Imre Hofbauer was born on 5 November 1905 in Mitrovica — then in the Austro-Hungarian Empire, and now part of Kosovo — and grew up in the north, in the region of Tatabanya.  According to his mother, little Imre “could paint before he could speak”.

At the beginning of the 1930s, he went to Prague where he studied architecture until 1933. In order to pay for his tuition, he became a cartoonist for several Czech newspapers.  Simplicissmuss, the famous German satirical weekly, also published some of his work.

Afterwards, he left Prague and went back to Budapest where he worked for the most popular dailies such as Az zest (The Evening) and Budapesti Hirlap (The Budapest Mail).  In 1935, he became the manager of The Athenaeum, a rather important publisher in Central Europe in those days. 

His life became increasingly imperiled because of his satirical cartoons against Hitler’s regime. Escaping the Nazi persecution, he moved to London in 1936, where the newspapers he worked for had sent him for a report, and where his close cousin Alejandro Pollak had been living for a few years. Seduced by the atmosphere of freedom that reigned in the British capital, he never left it, except for some short stays in France, Switzerland and Spain. Frightened by the spectre of impending Nazi aggression against Eastern Europe, his mother – who had remained in Hungary – committed suicide. He never returned to his homeland. Not even in 1964, for his first personal exhibition.

A few years after his arrival in London, World War II broke out. 


“Hof” — as his close friends used to call him — volunteered for the London fire brigade and help the victims of the German air raids. The horrors he witnessed during his service inspired some of his most powerful works, which were sketched in pencil on scraps of paper and published in 1942 as the book Calvary, under the pseudonym “Peregrine”. 

It was his way of denouncing the atrocities of the Third Reich’s crimes, his way of defending human dignity. Despite his predilection for solitude, Hofbauer spent his life defending the helpless and denouncing injustice. Born Jewish, he received a Catholic education, and adopted the New Testament maxim of “love thy neighbour.”
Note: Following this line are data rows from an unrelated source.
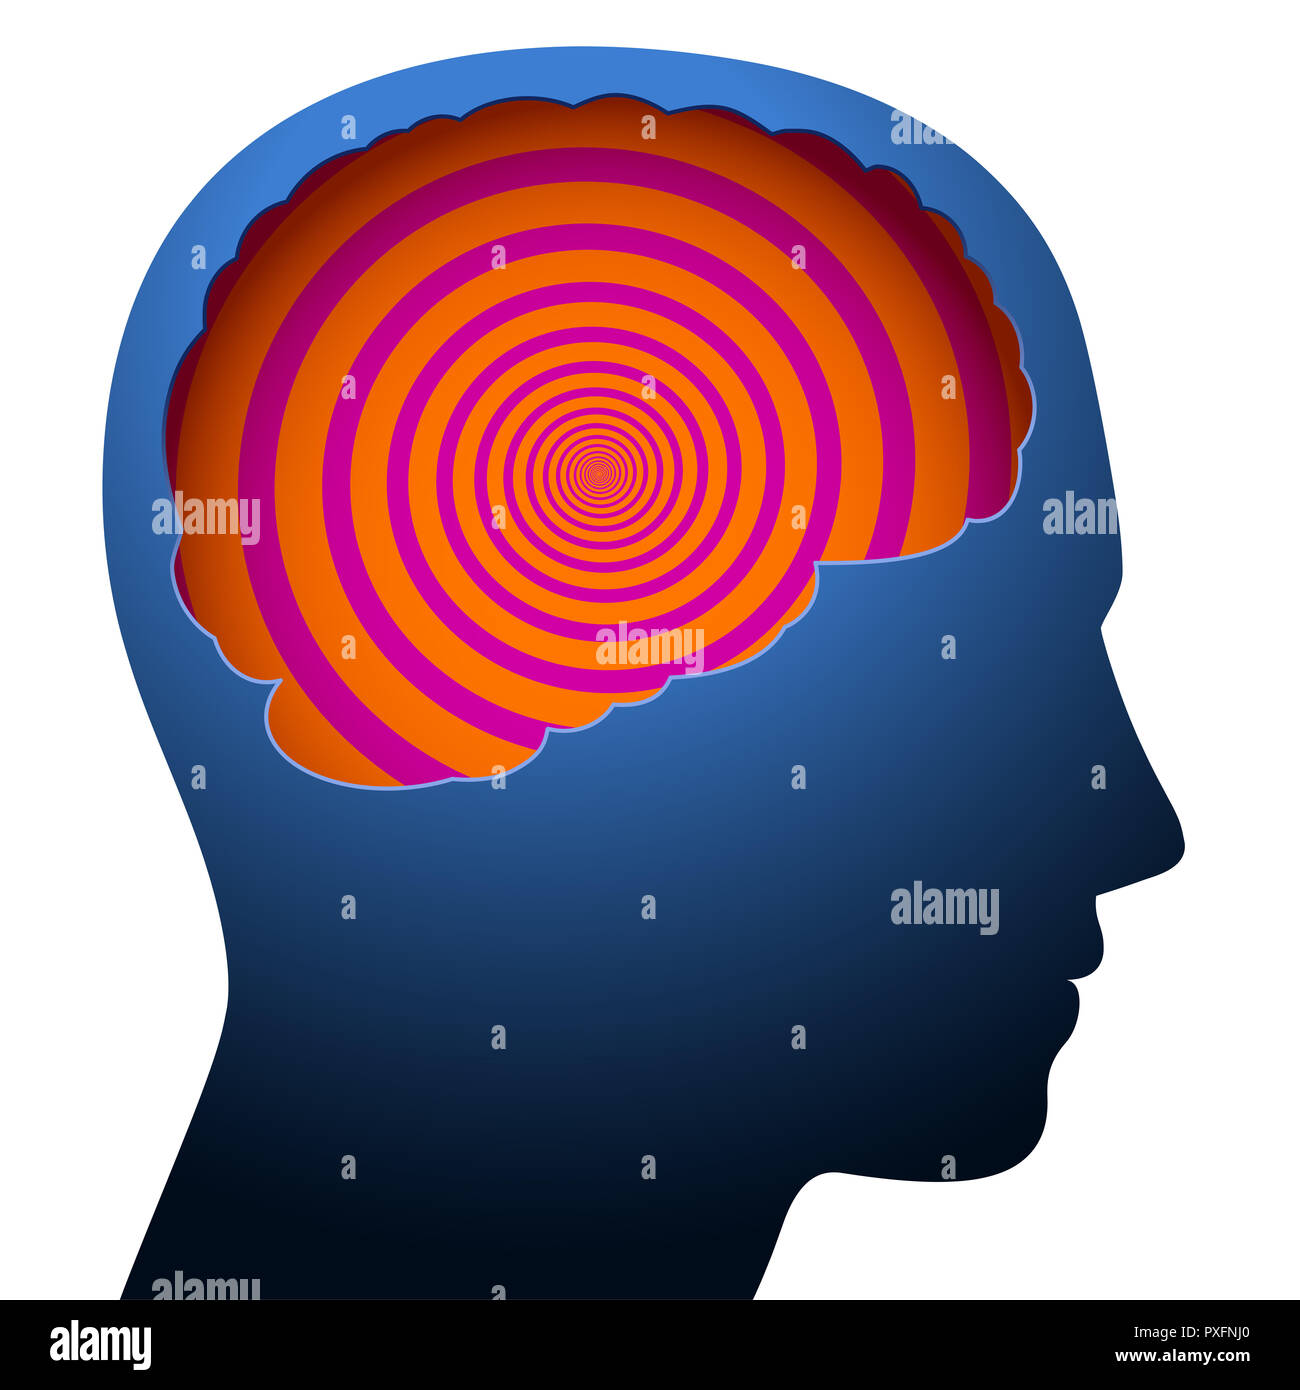 Confusion mentale, d'étourdissements, symbolisé par une spirale psychédélique dans le cerveau d'une jeune personne. Banque D'Images
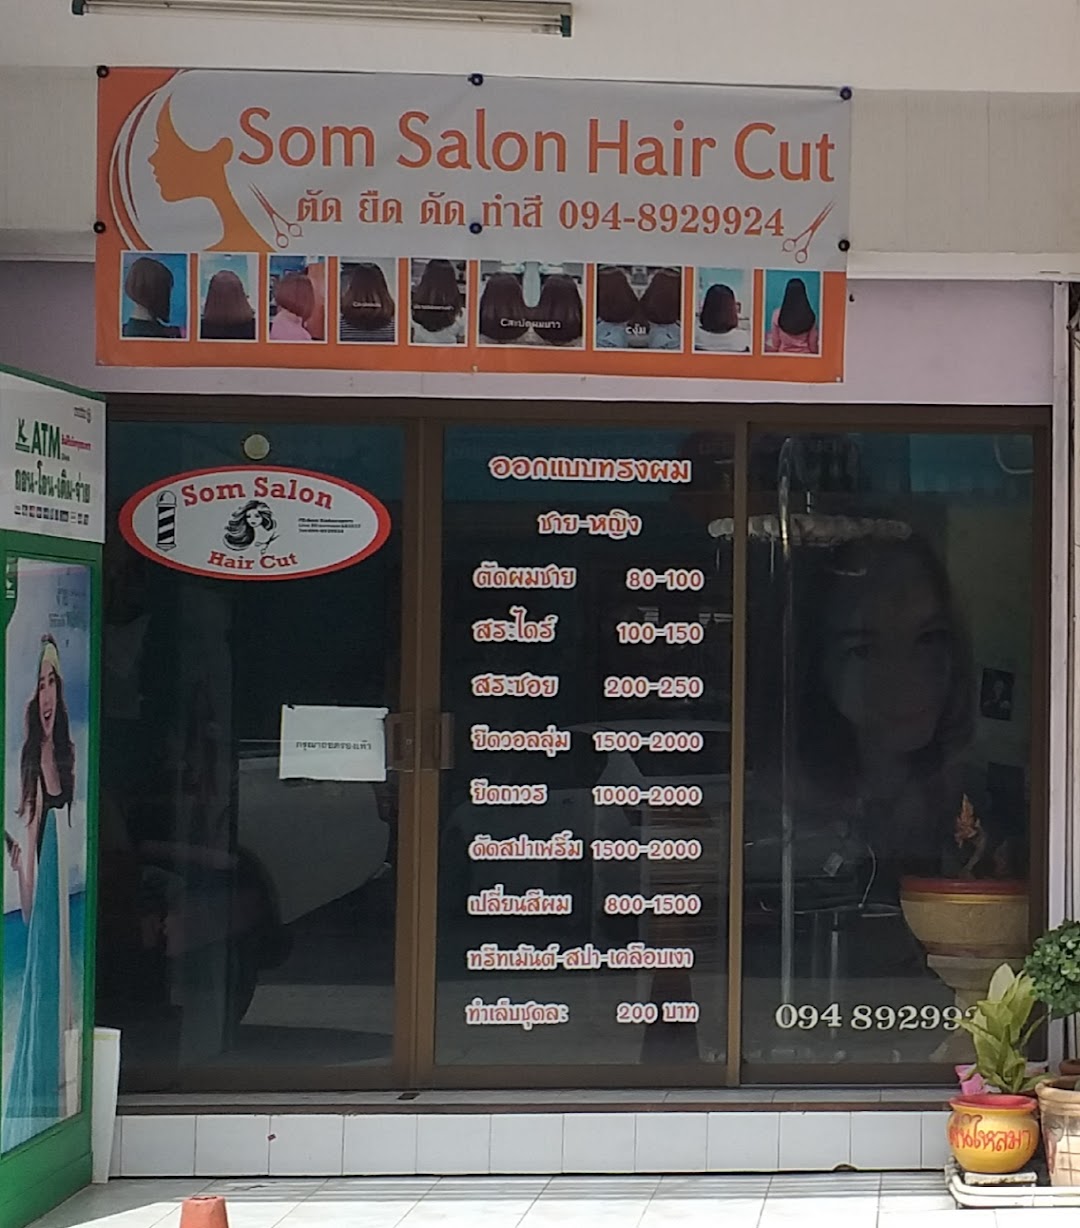 Som Salon Hair Cut
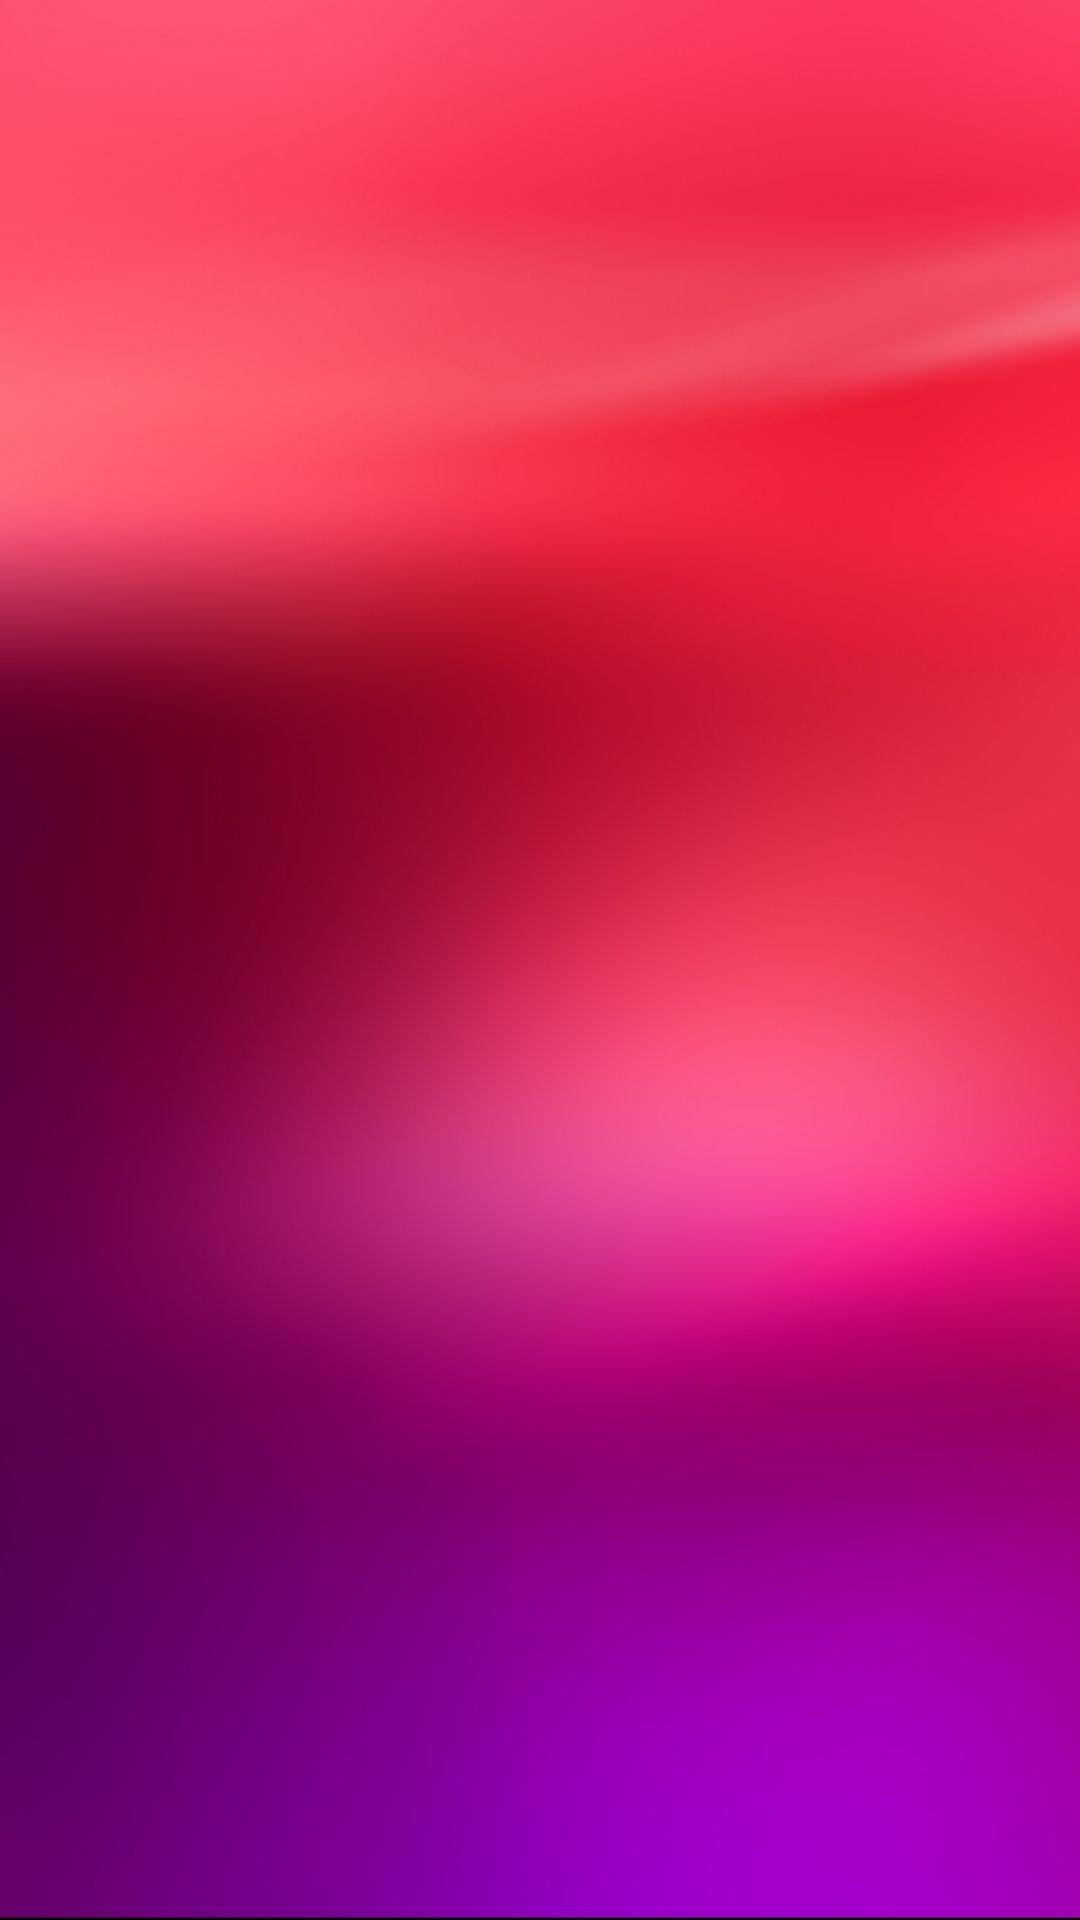 1080x1920 Hình Nền iPhone.  Hồng, Đỏ, Tím, Đỏ tươi, Tím, Tử đinh hương

When the war ended, Hof had made London his home, and most of his work was devoted to the city, its buildings, its inhabitants, its everyday life. In addition to the numerous paintings he made on this subject, he published The Other London (1948), a volume of drawings. Eighteen years later, he also collaborated with Richard Church on London, Flower of Cities All (1966). In these two books, his architect’s eye mingled with his humanist view and depicted thrilling portraits of London, with oil paint, Indian ink, and more importantly with watercolour, his favourite technique because of its transparency. Above all, he wanted his paintings to capture and bear witness to an elusive period: London in the second half of the 20th century.

Although Imre Hofbauer’s painting is steeped in London aesthetic, Hungary is also a big part of his work. Several motifs referred to memories of his childhood and youth in Hungary. In addition to the hundreds of paintings he made, several of the books he wrote and/or illustrated reveal this nostalgia: Bababukra (1947), in which he gives flamboyant descriptions of his country, and My Little Englishman (1945), a quasi autobiographic tale. 

Moreover, two of the recurring topics in Hofbauer’s work are fishermen and miners, another allusion to his background: his father, a sailor, died at sea when Hofbauer was just a child, and Tatabanya, the town where he grew up, was a mining region.  

As for the artists that inspired Hofbauer, we know that among his contemporaries, he particularly admired George Grosz (he even edited a book on Grosz’s work) and Jules Pascin.  However, he remained unimpressed by recent trends like Surrealism, Post-Modernism, Cubism, or Dadaism. He steered clear from all artistic currents: he wanted to be himself, detached from fashions and schools, and was continually exploring new paths. In one of the scrapbooks found in his studio after he died, he wrote: “The unspoken ideal to draw well, realistically; drawing for drawing’s sake, as did the masters of bygone days…” He invented a special technique with translucent film material he fabricated by himself, and which allowed him to find varied and subtle shades. After his death, hundreds of proofs were found in his studio. 

During the last three years of his life, Imre Hofbauer — who used to be very athletic — could no longer carry on with his usual lifestyle and was unable to finish several paintings and manuscripts that he had started. Hofbauer’s vision of art became dark and pessimistic during the last years of his life. Among his unfinished work, is the book On Teaching Art, an essay where he stated his personal views:  “While speaking on the subject, I realize that it is harder to say than it seemed during the many years it has lived in me. So, let me state the important facet that most probably does not emerge till one spells it out: draughtmanship has shrunk.”

Imre Hofbauer died on January 5, 1989. He was 84. 

Immediately, his deeply humanist work was scattered around the world, through Europe and the United States. He received eight international prizes. All his life, he advocated for art’s grandest vision, and all who knew him knew that he was his own harshest critic, both in his work and in his private life.

Slowly and quietly, he had painted voiceless souls and given birth to thousands of pieces of art, that can now be found in dozens of private collections worldwide.